Master Thesis Proposal

Hierarchical Clustering of STL Formulae
Co-Supervisors:   Alexis Linard (linard@kth.se), Christian Pek (pek2@kth.se)
Examiner: Jana Tumova
Starting date: ASAP
Project description:

Signal Temporal Logic (STL) [1]  is a formalism used in robotics to specify complex tasks and to characterize (desired) behaviours of systems in a machine-interpretable way. However, designing a temporal logic formula is usually a tedious task, often requiring manual tuning. To automate the inference of temporal logic formulae, recent approaches learn specifications from datasets which include positive (i.e. complying with the specification) and negative signals (i.e. violating the specification) of the target specification [2-6]. To obtain accurate and tight results, this process usually requires that the signals only belong to a single target specification. Nevertheless, in reality, signals are recorded from multiple specifications during the operation of a system. For instance, an autonomous vehicle performs different manoeuvres during its operation, depending on the current traffic situation. Each of these manoeuvres usually adheres to a different target specification. If the provided dataset contains signals of multiple target specifications, inference algorithms may not be able to determine a tight specification or even no specification at all.  Another example spans different driving styles one can encounter while driving: from careful driving styles to more aggressive ones.

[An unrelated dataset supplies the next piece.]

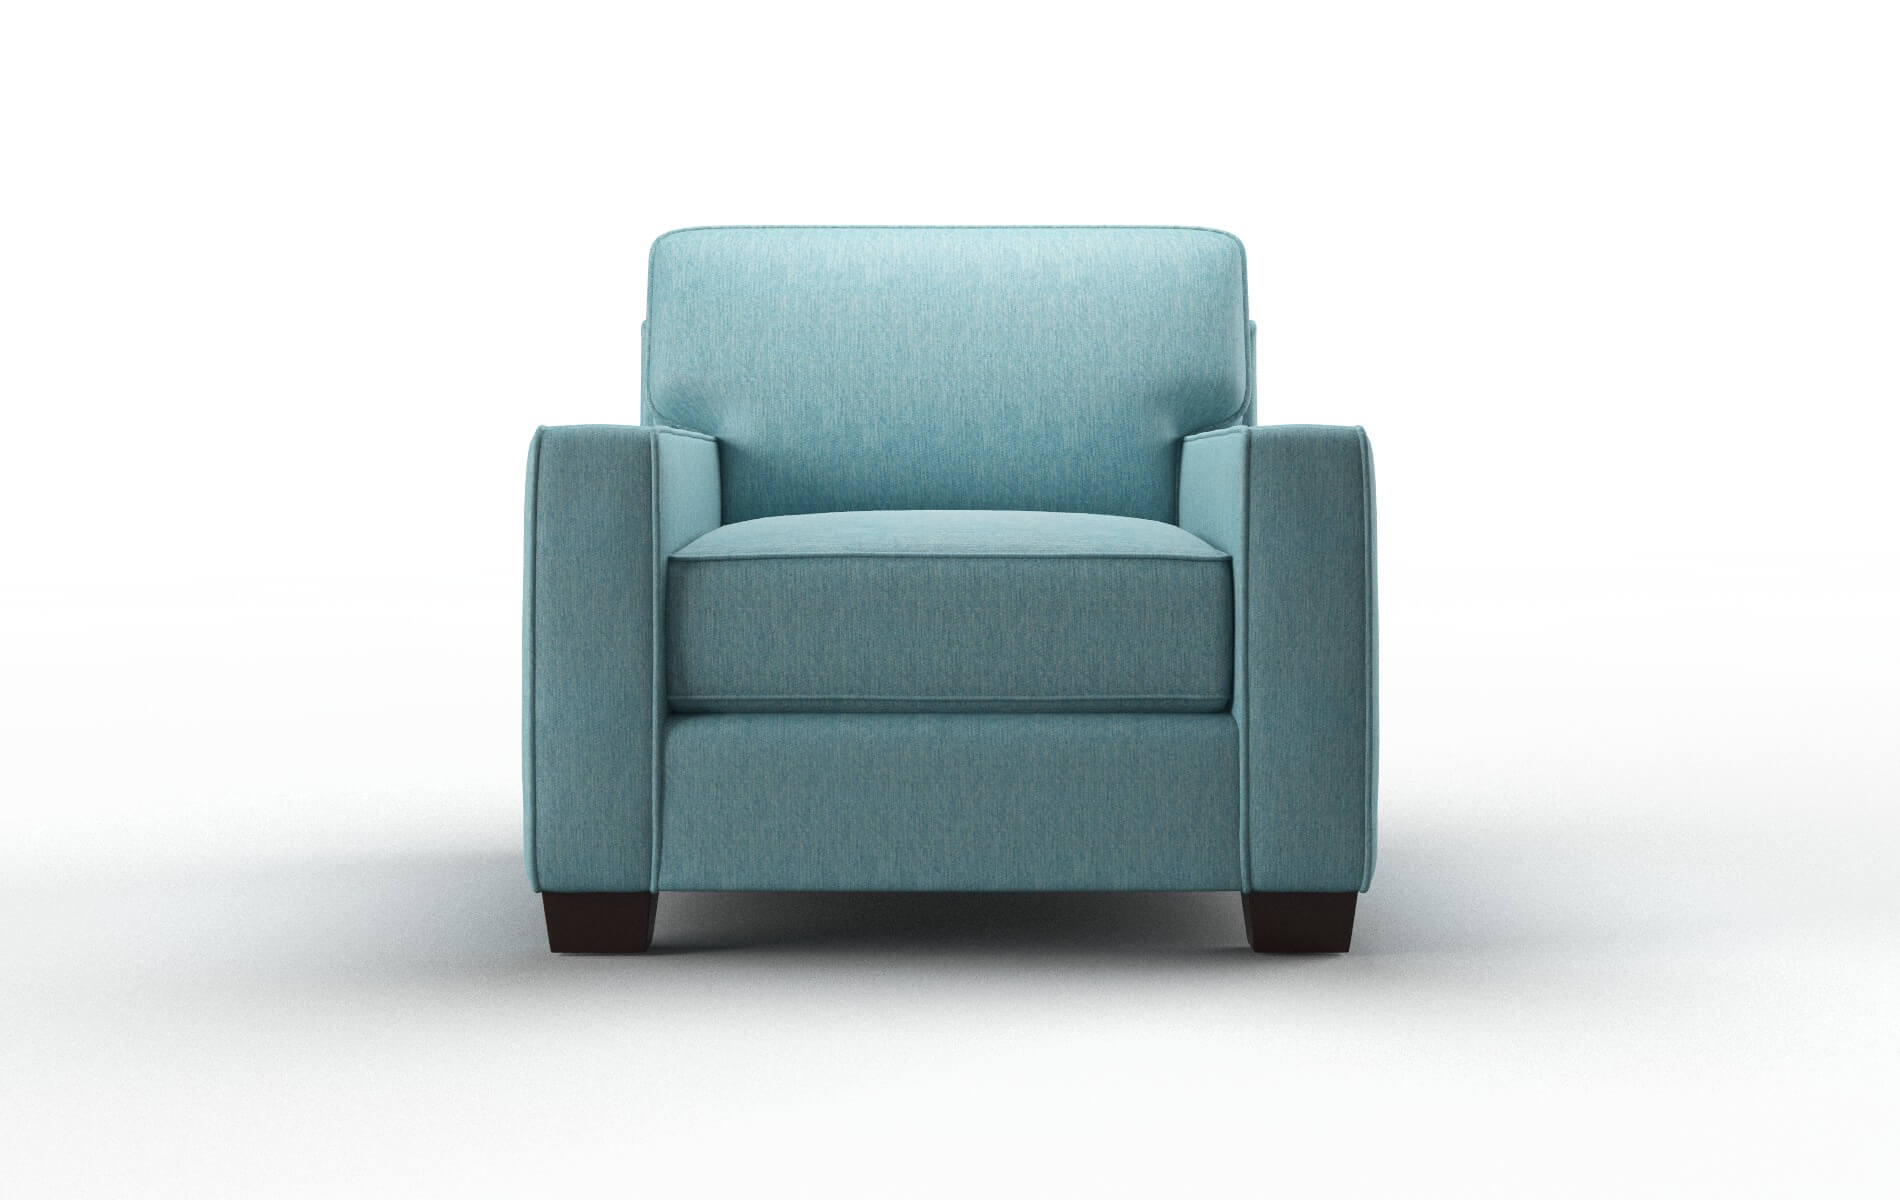 Chicago Cosmo Turquoise Chair espresso legs 1

Your task will be to develop a hierarchical clustering approach that allows one to separate the recorded signals into distinct subsets. Each of these subsets should belong to a different target specification. Therefore, you need to determine suitable metrics [7] and identify clustering approaches to separate the signals, e.g., using their frequency spectrum. Subsequently, an inference algorithm should learn the target specification of each of the distinct subsets. These subsets can be updated in case this update results in tighter target specifications. Moreover, subsets can be further split, and the relation of each of the subsets can be modelled in a tree structure.

References

[1] O. Maler and D. Nickovic, “Monitoring temporal properties of continuous signals,” in Formal Techniques, Modelling and Analysis of Timed and Fault-Tolerant Systems. Springer, 2004, pp. 152–166.

[2] E. Asarin, A. Donze, O. Maler, and D. Nickovic, “Parametric identification of temporal properties,” in Proc. of the Int. Conf. on Runtime Verification. Springer, 2011, pp. 147–160.

[3] A. Bakhirkin, T. Ferrere, and O. Maler, “Efficient parametric identification for STL,” in Proc. of the 21st Int. Conf. on Hybrid Systems: Computation and Control. ACM, 2018, pp. 177–186.

[4] G. Bombara, C.-I. Vasile, F. Penedo, H. Yasuoka, and C. Belta, “A decision tree approach to data classification using signal temporal logic,” in Proceedings of the 19th International Conference on Hybrid Systems: Computation and Control. ACM, 2016, pp. 1–10.

[5] A. Jones, Z. Kong, and C. Belta, “Anomaly detection in cyber-physical systems: A formal methods approach,” in Proc. of the IEEE Int. Conf. on Decision and Control (CDC). 2014, pp. 848–853.

[6] G. Bombara and C. Belta, “Online learning of temporal logic formulae for signal classification,” in European Control Conference (ECC). IEEE, 2018, pp. 2057–2062.

[7] C. Madsen, P. Vaidyanathan, S. Sadraddini, C.-I. Vasile, N. A. De-Lateur, R. Weiss, D. Densmore, and C. Belta, “Metrics for signal temporal logic formulae,” in Proc. of the IEEE Int. Conf. on Decision and Control (CDC). 2018, pp. 1542–1547.